The first prediction (evidence of a telomere at the fusion point) is shown to be true in reference 3 . Telomeres in humans have been shown to consist of head to tail repeats of the bases 5'TTAGGG running toward the end of the chromosome. Furthermore, there is a characteristic pattern of the base pairs in what is called the pre-telomeric region, the region just before the telomere. When the vicinity of chromosome 2 where the fusion is expected to occur (based on comparison to chimp chromosomes 2p and 2q) is examined, we see first sequences that are characteristic of the pre-telomeric region, then a section of telomeric sequences, and then another section of pre-telomeric sequences.
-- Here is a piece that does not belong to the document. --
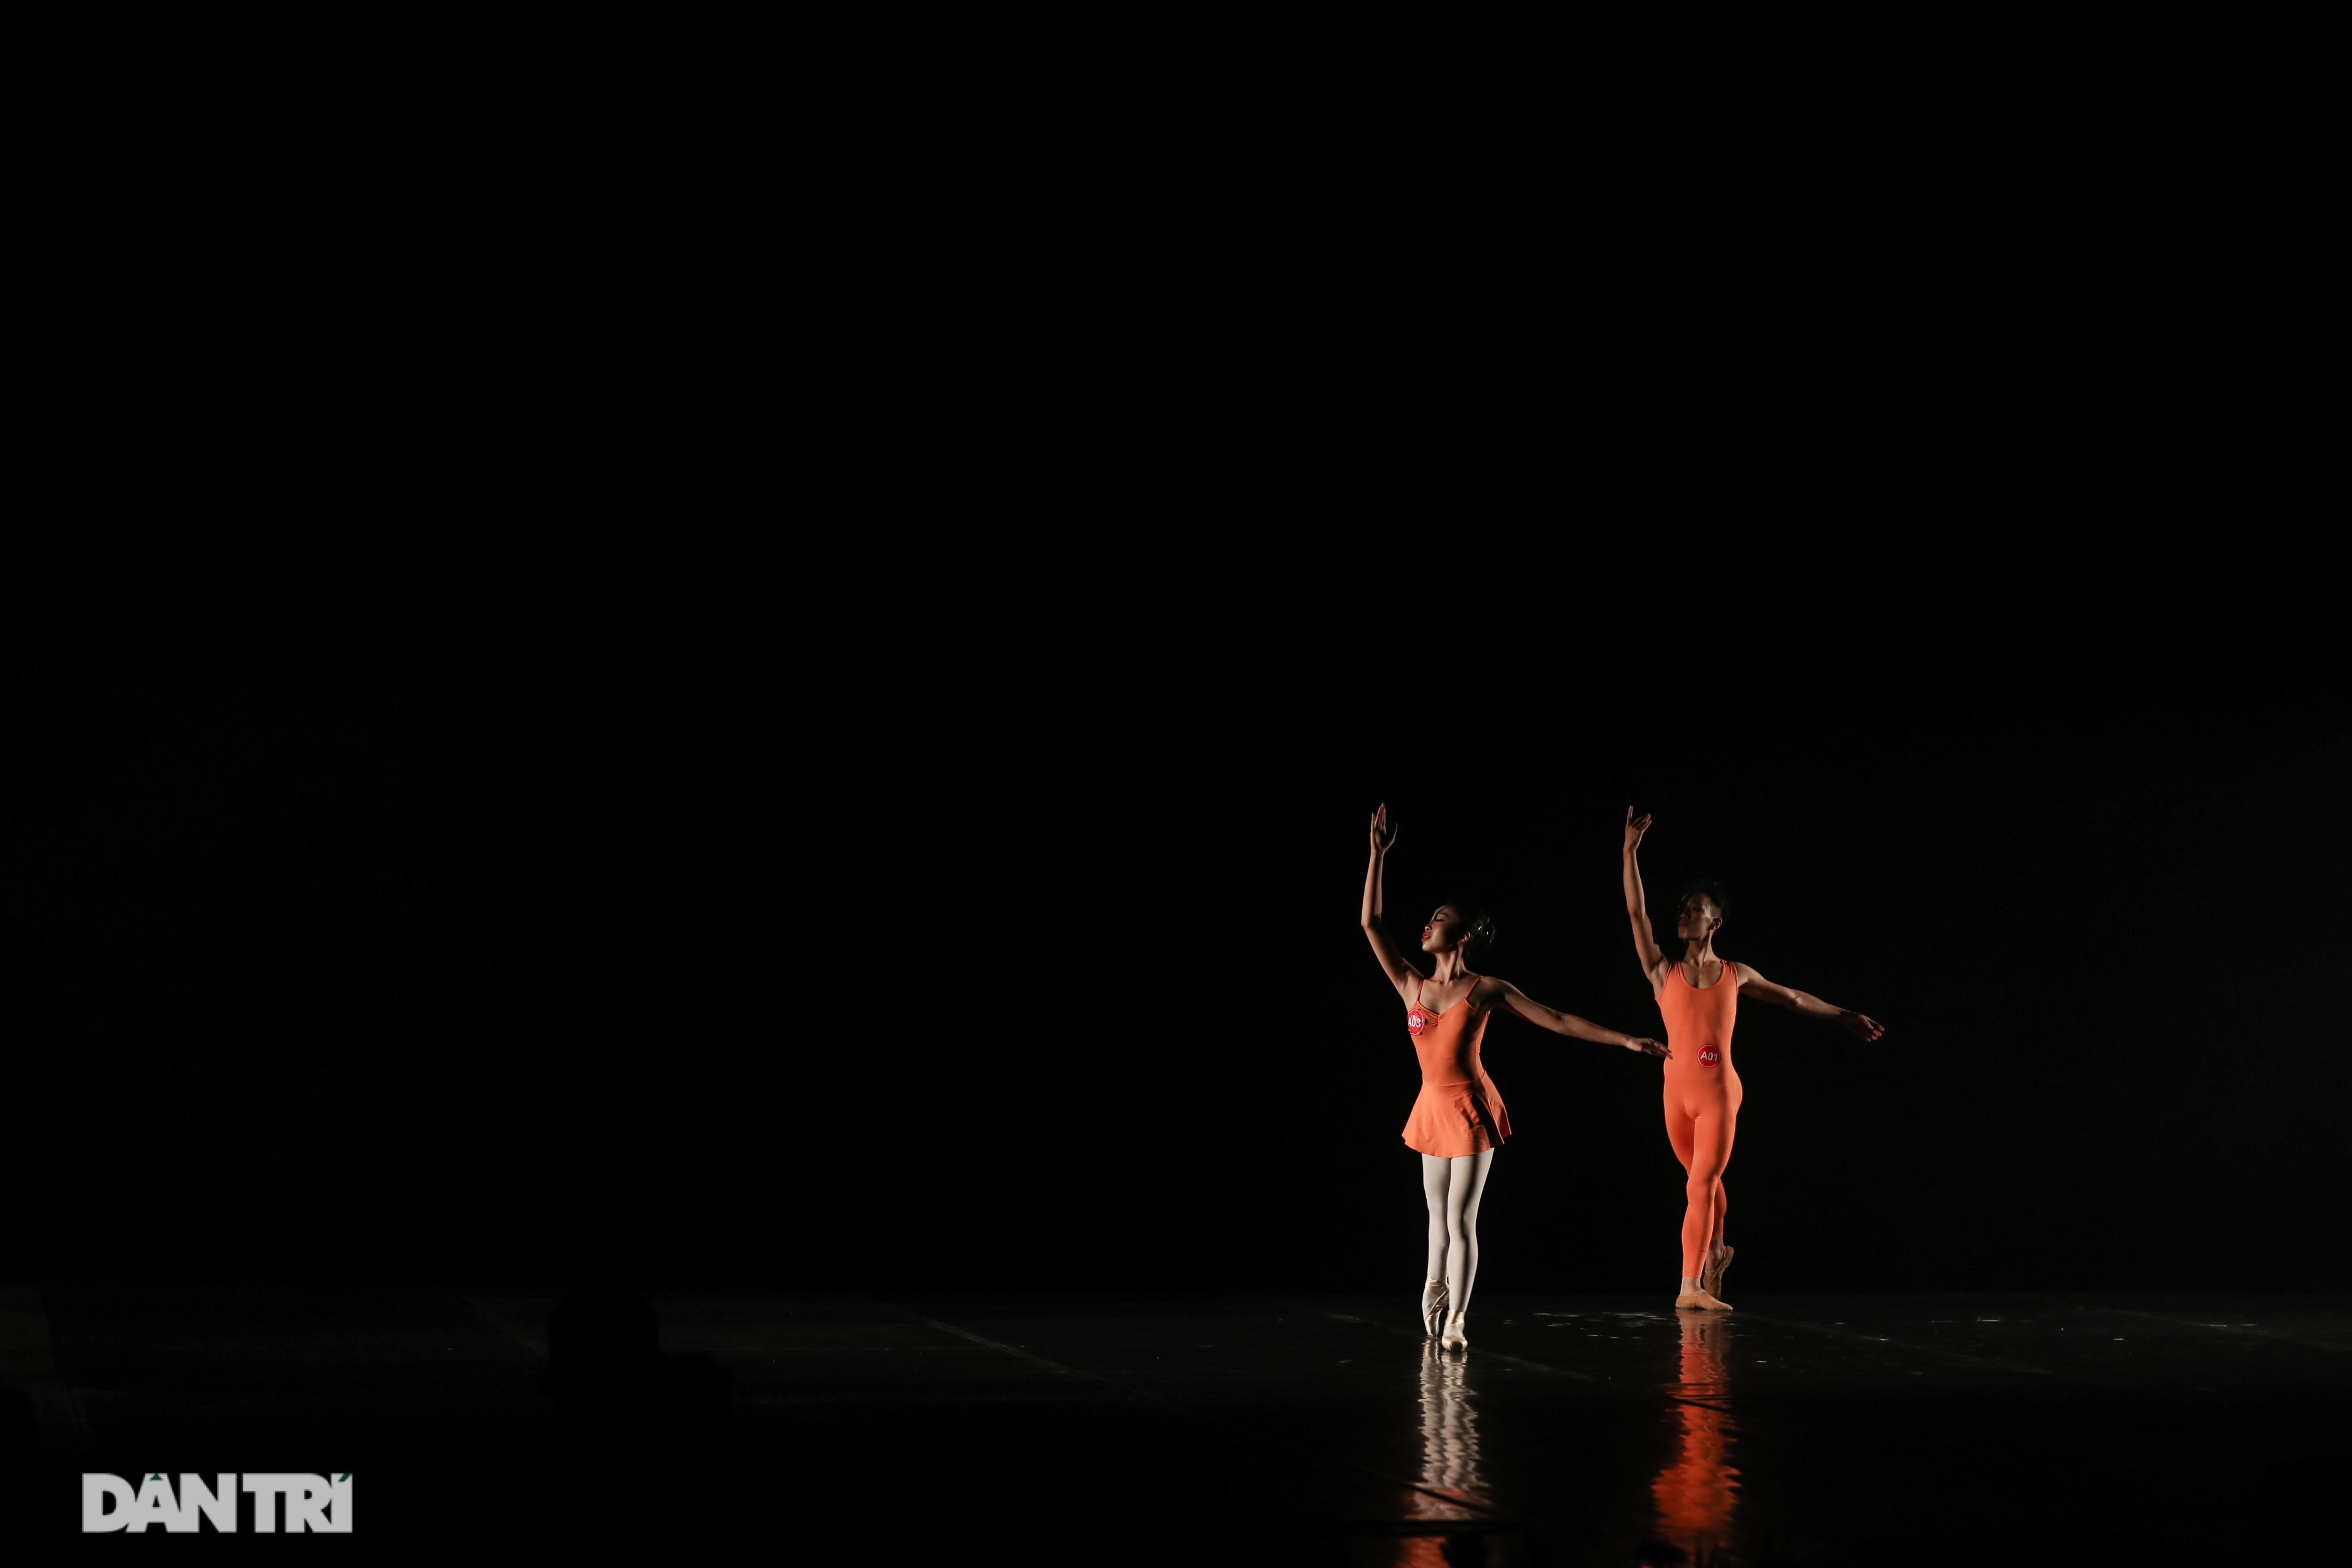 Khoảnh khắc mê hồn tại cuộc thi Tài năng biểu diễn múa - 30

Furthermore, in the telomeric section, it is observed that there is a point where instead of being arranged head to tail, the telomeric repeats suddenly reverse direction - becoming (CCCTAA)3' instead of 5'(TTAGGG), and the second pre-telomeric section is also the reverse of the first telomeric section. This pattern is precisely as predicted by a telomere to telomere fusion of the chimpanzee (ancestor) 2p and 2q chromosomes, and in precisely the expected location. Note that the CCCTAA sequence is the reversed complement of TTAGGG (C pairs with G, and T pairs with A).
The second prediction - remnants of the 2p and 2q centromeres is documented in reference 4. The normal centromere found on human chromosome 2 lines up with the 2p chimp chromosome, and the remnants of the 2q chromosome is found at the expected location based upon the banding pattern.
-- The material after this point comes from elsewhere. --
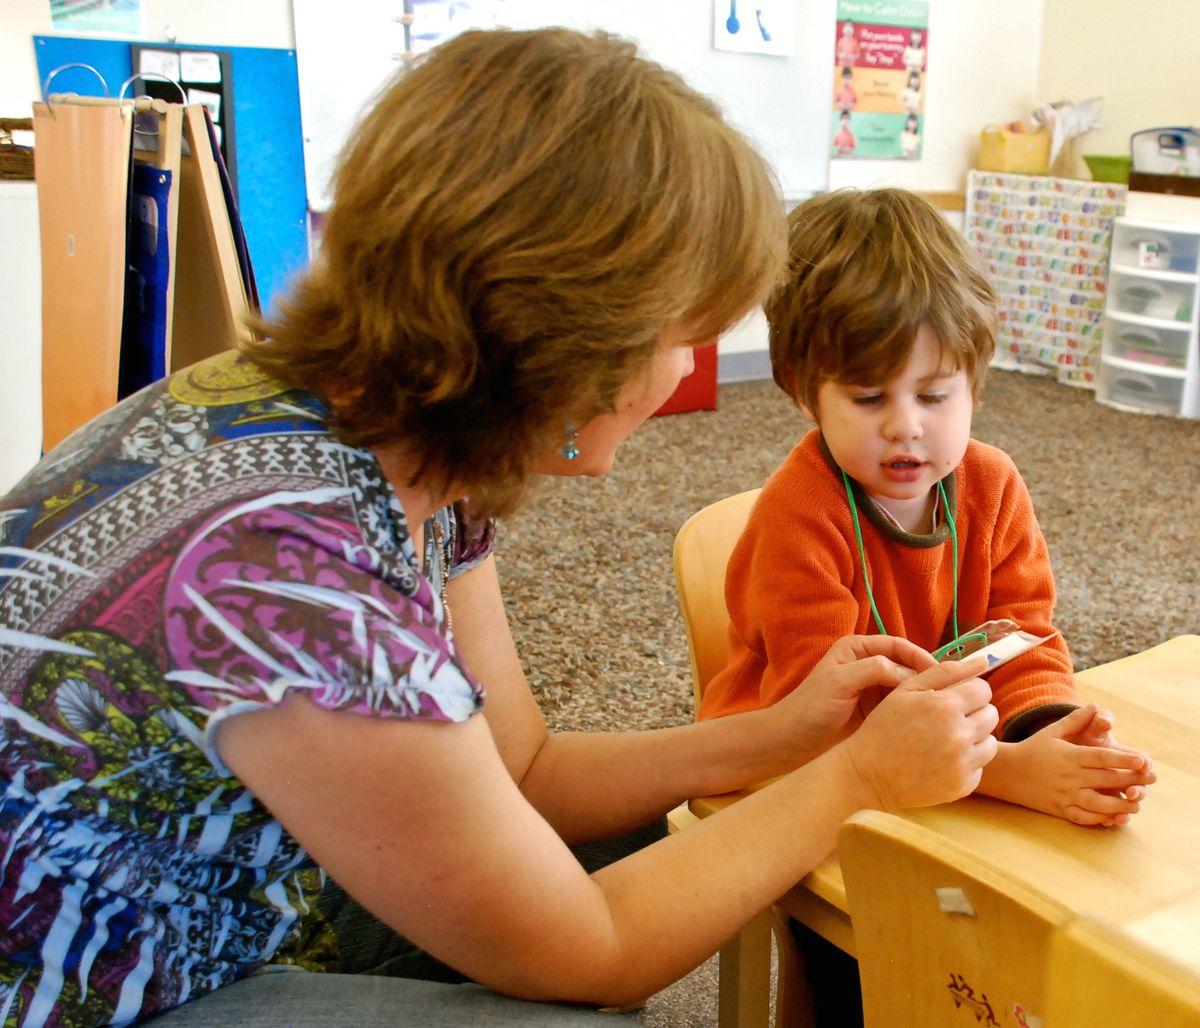 Speech therapist Melissa Cain talks to a preschooler at the Bal Swan Children's Center.

Some may raise the objection that if the fusion was a naturalistic event, how could the first human ancestor with the fusion have successfully reproduced? We have all heard that the horse and the donkey produce an infertile mule in crossing because of a different number of chromosomes in the two species. Well, apparently there is more to the story than we are usually told, because variations in chromosome number are known to occur in many different animal species, and although they sometimes seem to lead to reduced fertility, this is often not the case. Refs 5, 6, and 7 document both the existence of such chromosomal number differences and the fact that differences do not always result in reduced fertility. I can provide many more similar references if required. The last remaining species of wild horse, Przewalski's (sha-val-skis) Wild Horse has 66 chromosomes while the domesticated horse has 64 chromosomes. Despite this difference in chromosome number, Przewalski's Wild Horse and the domesticated horse can be crossed and do produce fertile offspring (see reference 9).
Now, the question has to be asked - if the similarities of the chromosomes are due only to common design rather than common ancestry, why are the remnants of a telomere and centromere (that should never have existed) found at exactly the positions predicted by a naturalistic fusion of the chimp ancestor chromosomes 2p and 2q?